Monetary policy and global imbalances

Pub. Date
30 January, 2007

The US current account imbalance is unlikely to be improved by monetary expansion in the Euro Area, the UK and Japan. It would at best give respite to the US for two years, as the increase in demand from abroad would cause a current account improvement in the US ahead of the impacts of the appreciation of the dollar these monetary expansions abroad would induce. This conclusion is independent of the style of forward looking macro model used, be it a New Keynesian model or a full dynamic general equilibrium model. A model that breaks arbitrage conditions and has no rational expectations can be used to analyse a devaluation of the dollar, and under these assumptions the US current account improves for longer, but even there the improvement is ultimately transitory.

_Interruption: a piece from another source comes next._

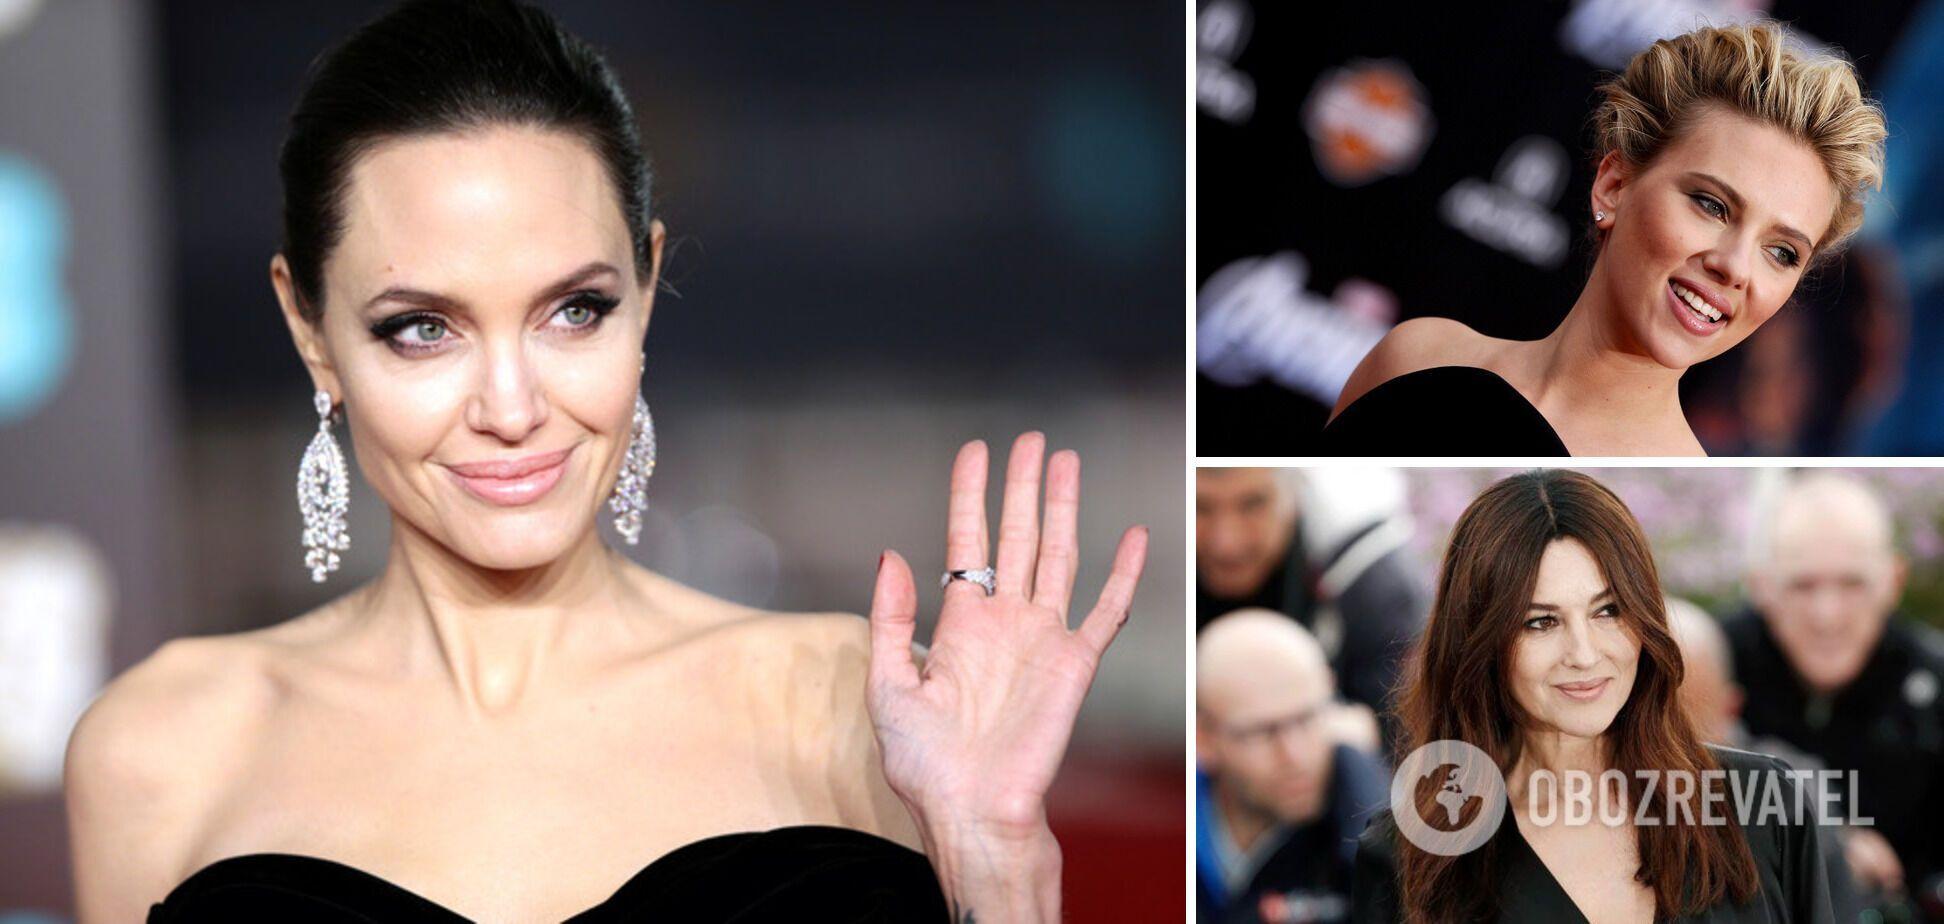 Голливудские звезды редактируют фото до неузнаваемости
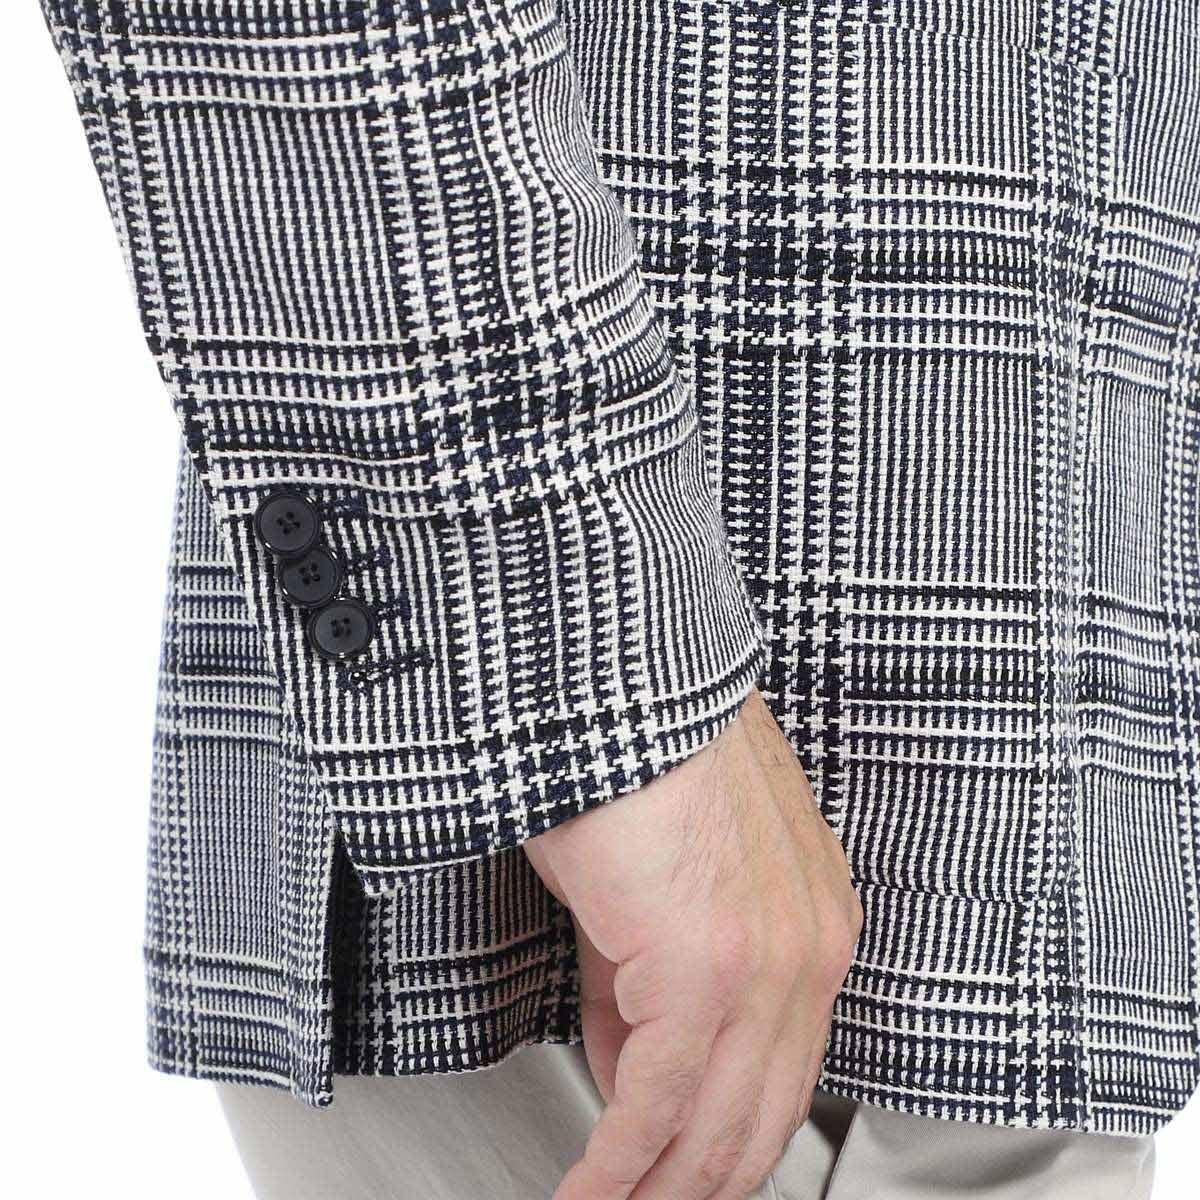 【アウトレット】TAGLIATORE タリアトーレ 2つボタン シングルジャケット/DAKER ダカール【大きいサイズあり】 メンズ

The US current account deficit of 6 per cent of GDP may be sustainable, and the rest of the world may be willing to accumulate US assets. If this is the case, then the stock of US net assets will eventually settle at around minus 100 per cent of GDP (see Barrell and Holland, 2006, for some figures). However, there is a risk that it is not sustainable and one of two things might happen. Before the rest of the world begins to worry about the risks involved in holding so many US assets, domestic absorption might adjust, with either higher net private or public savings (or both) reducing the deficit and hence the potential risks involved with a high stock of debt. If this does not happen, then it is probable that a market solution will be found and a risk premium could slowly emerge on US assets. This would involve higher real interest rates in the US and lower real rates elsewhere, reducing net abruption, and a lower real exchange rate inducing expenditure switching. Whichever might happen, we should expect growth in the US to slow.